# ASSIGNMENT
As you print the data below, keep every line exactly as it is and leave the images behind.

# DATASET EXCERPT

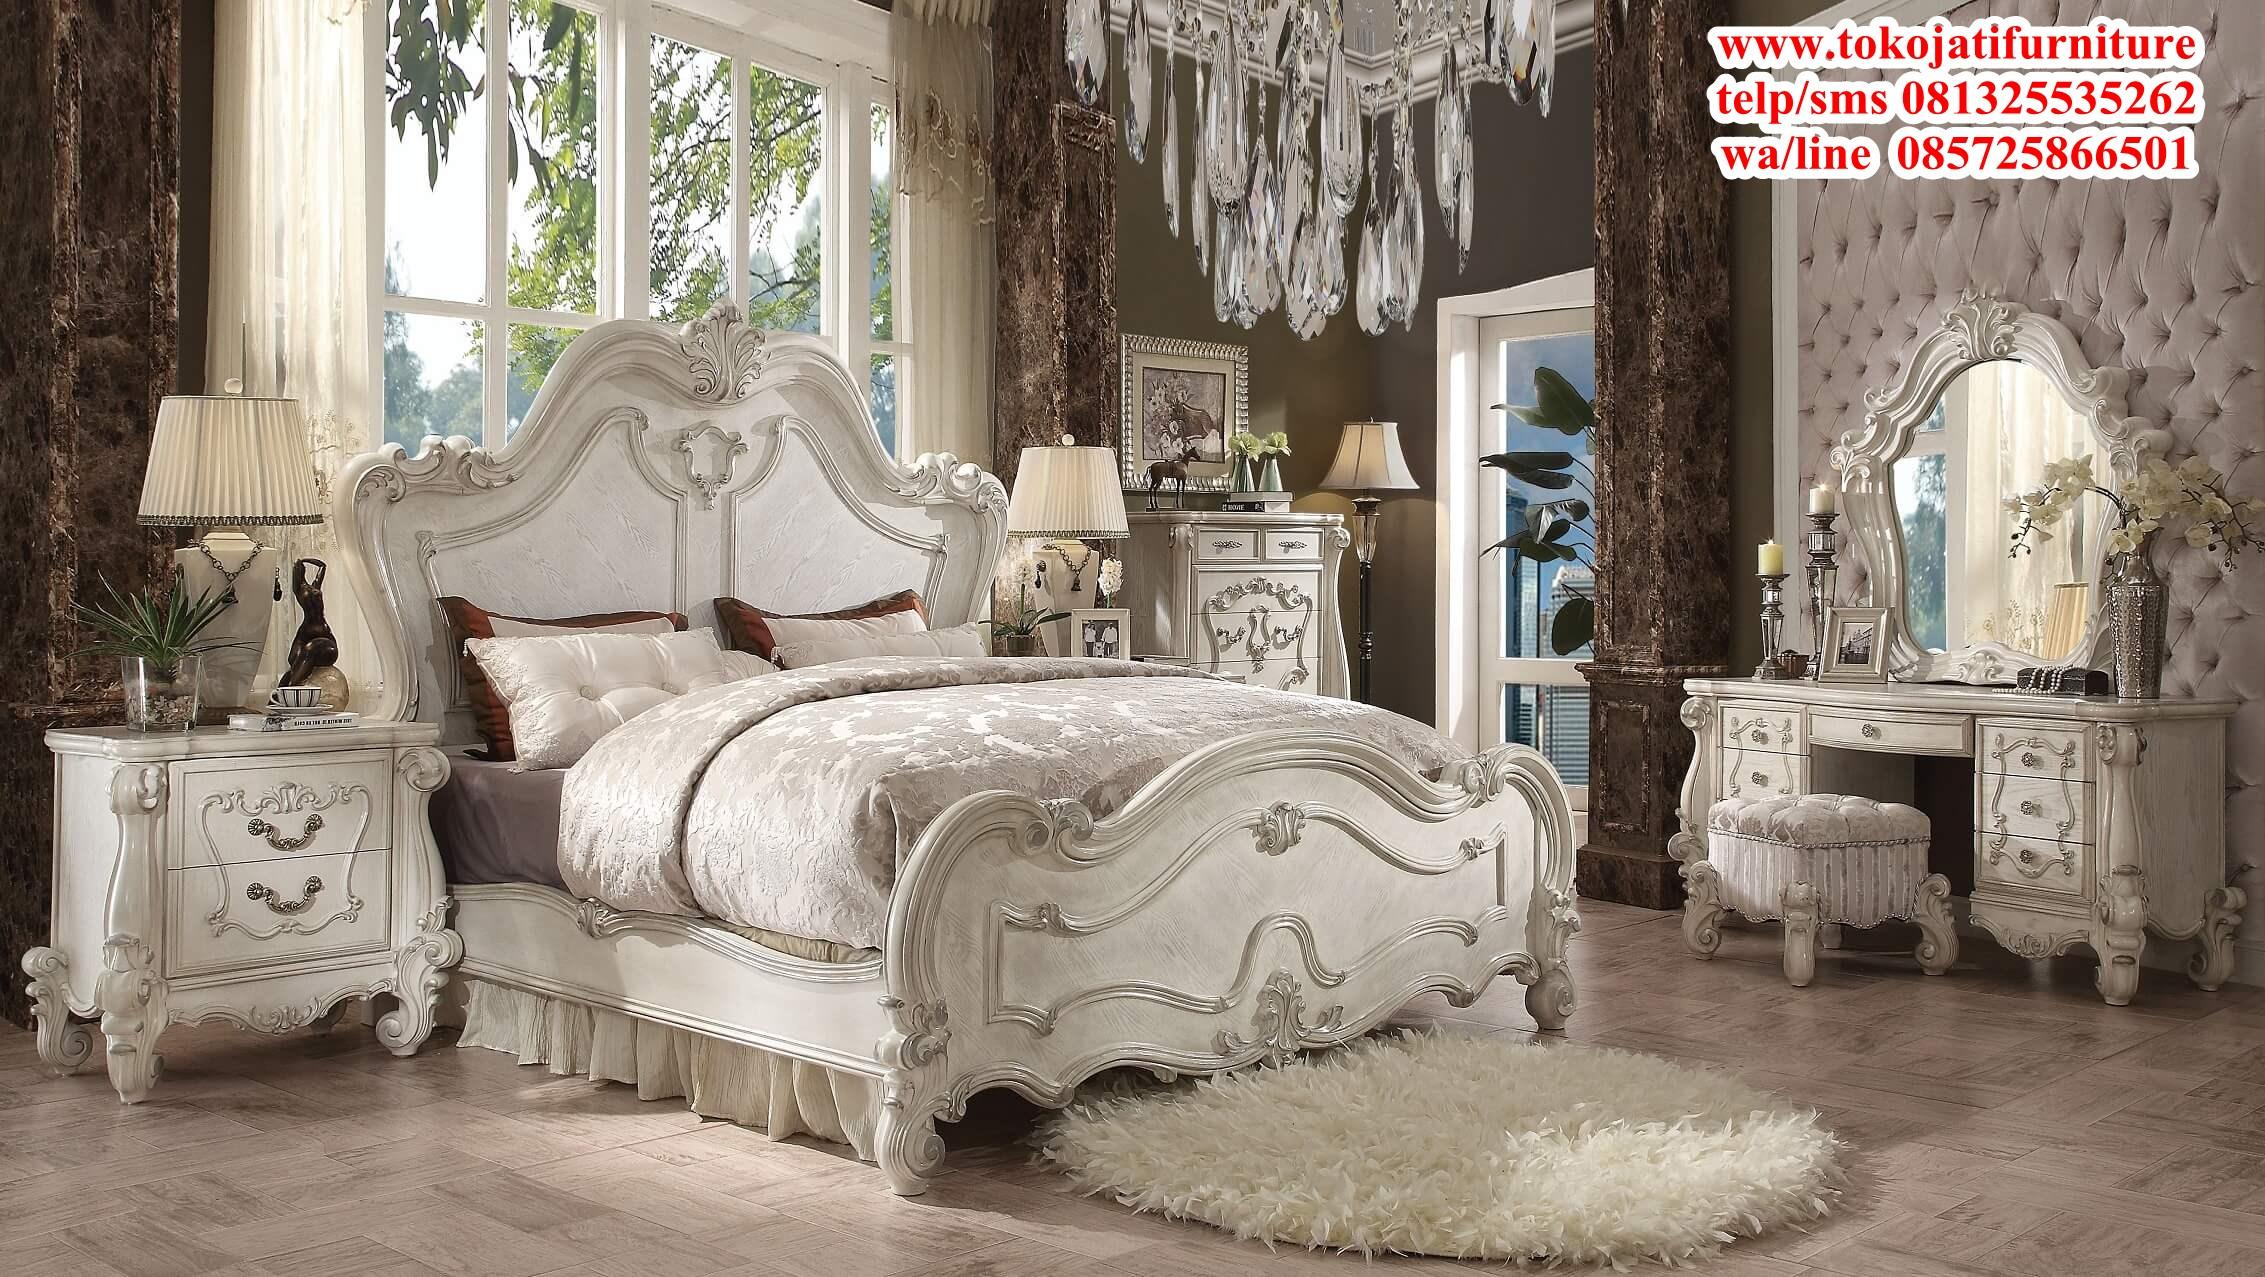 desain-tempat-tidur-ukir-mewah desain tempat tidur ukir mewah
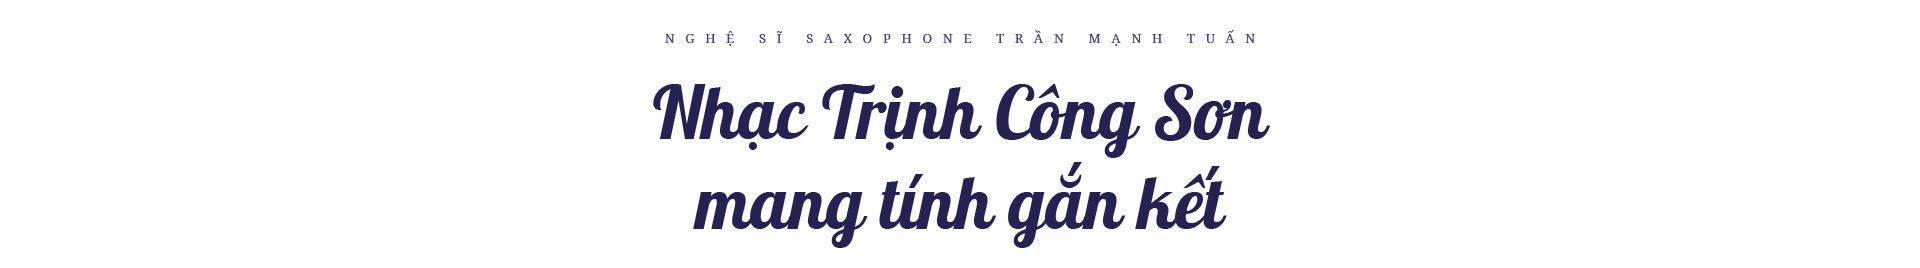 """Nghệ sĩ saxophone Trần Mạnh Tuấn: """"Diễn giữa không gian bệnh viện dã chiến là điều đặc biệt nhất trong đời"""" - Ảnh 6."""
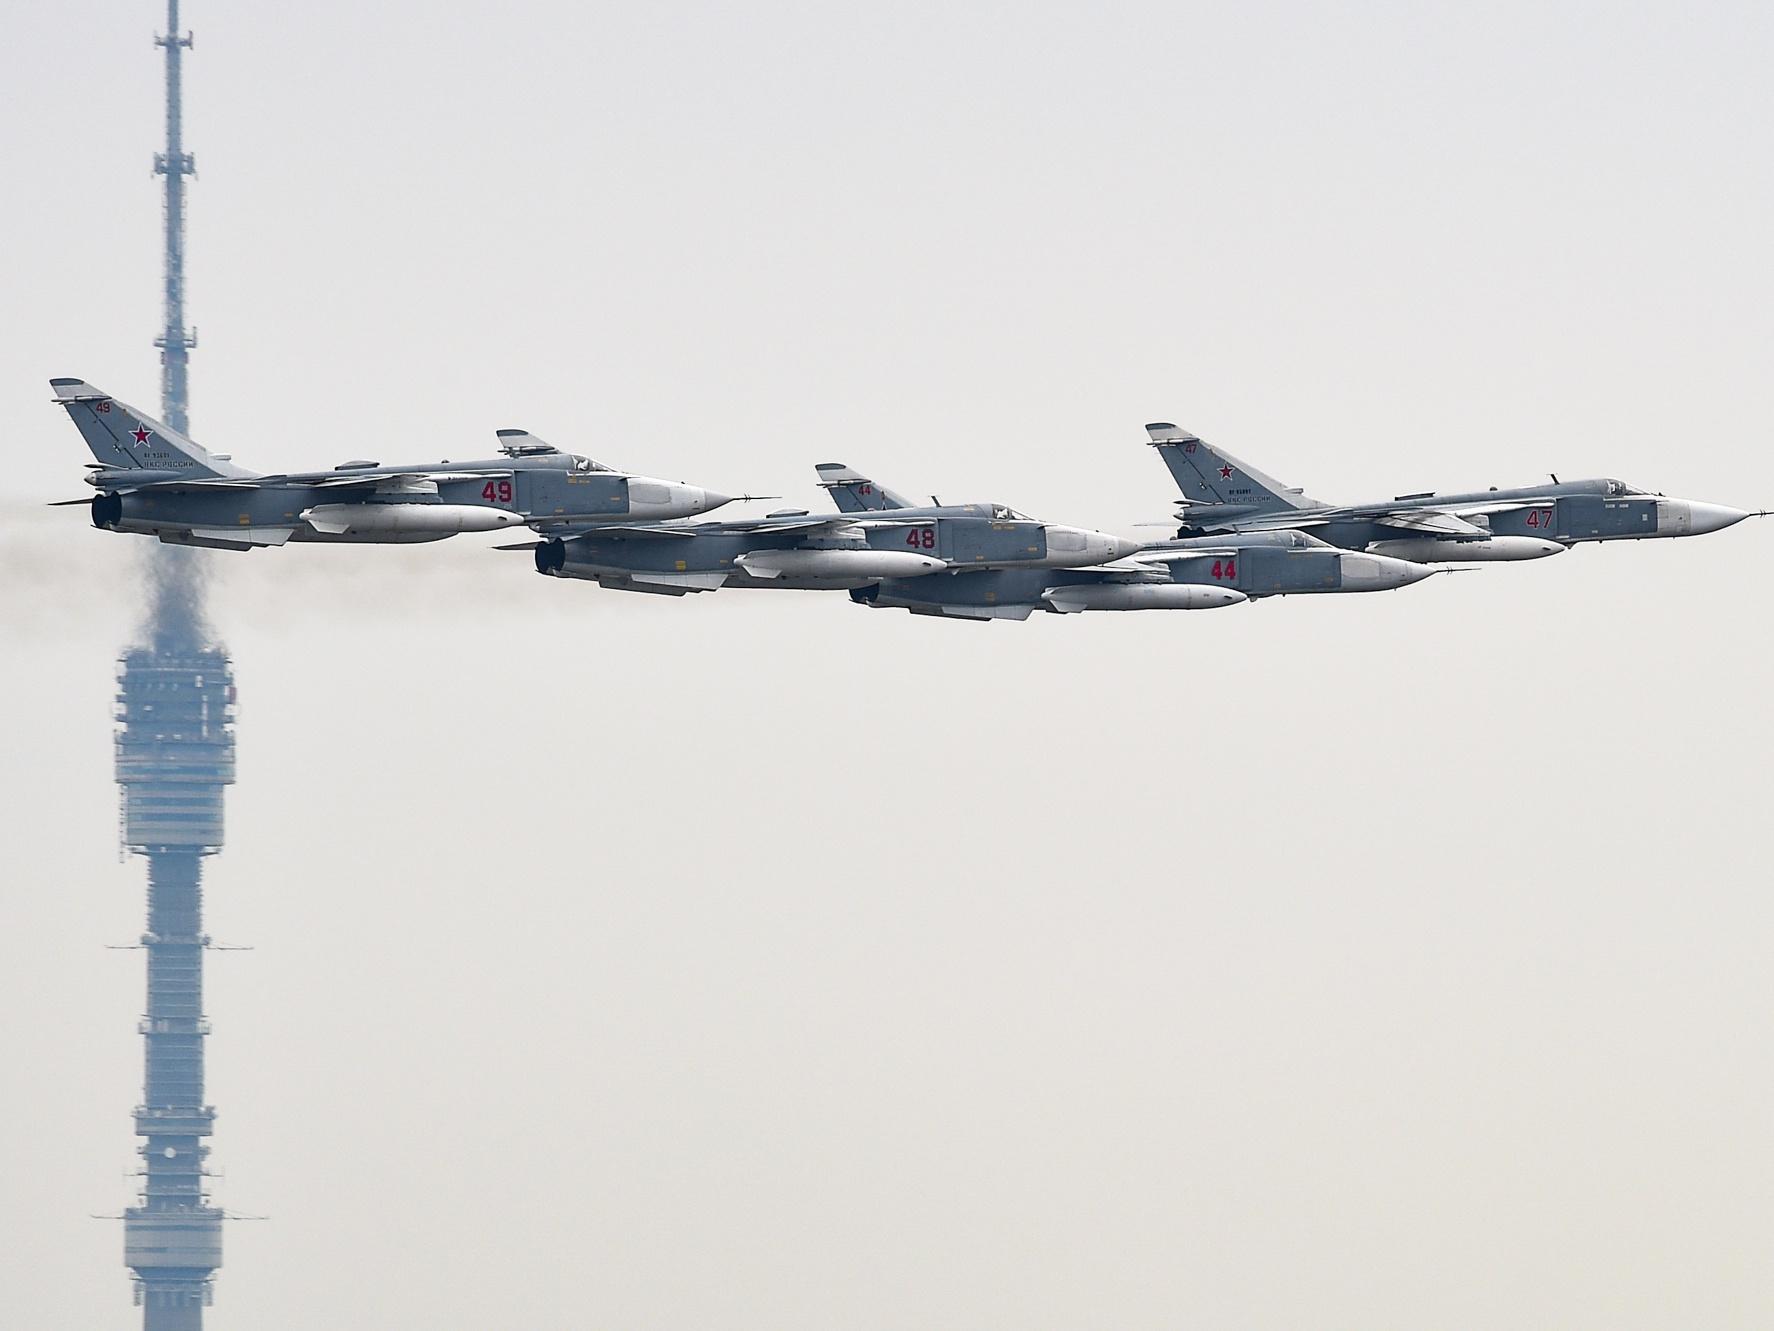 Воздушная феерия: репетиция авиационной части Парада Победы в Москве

# RESPONSE BOX
 desain-tempat-tidur-ukir-mewah desain tempat tidur ukir mewah
 """Nghệ sĩ saxophone Trần Mạnh Tuấn: """"Diễn giữa không gian bệnh viện dã chiến là điều đặc biệt nhất trong đời"""" - Ảnh 6."""
 Воздушная феерия: репетиция авиационной части Парада Победы в Москве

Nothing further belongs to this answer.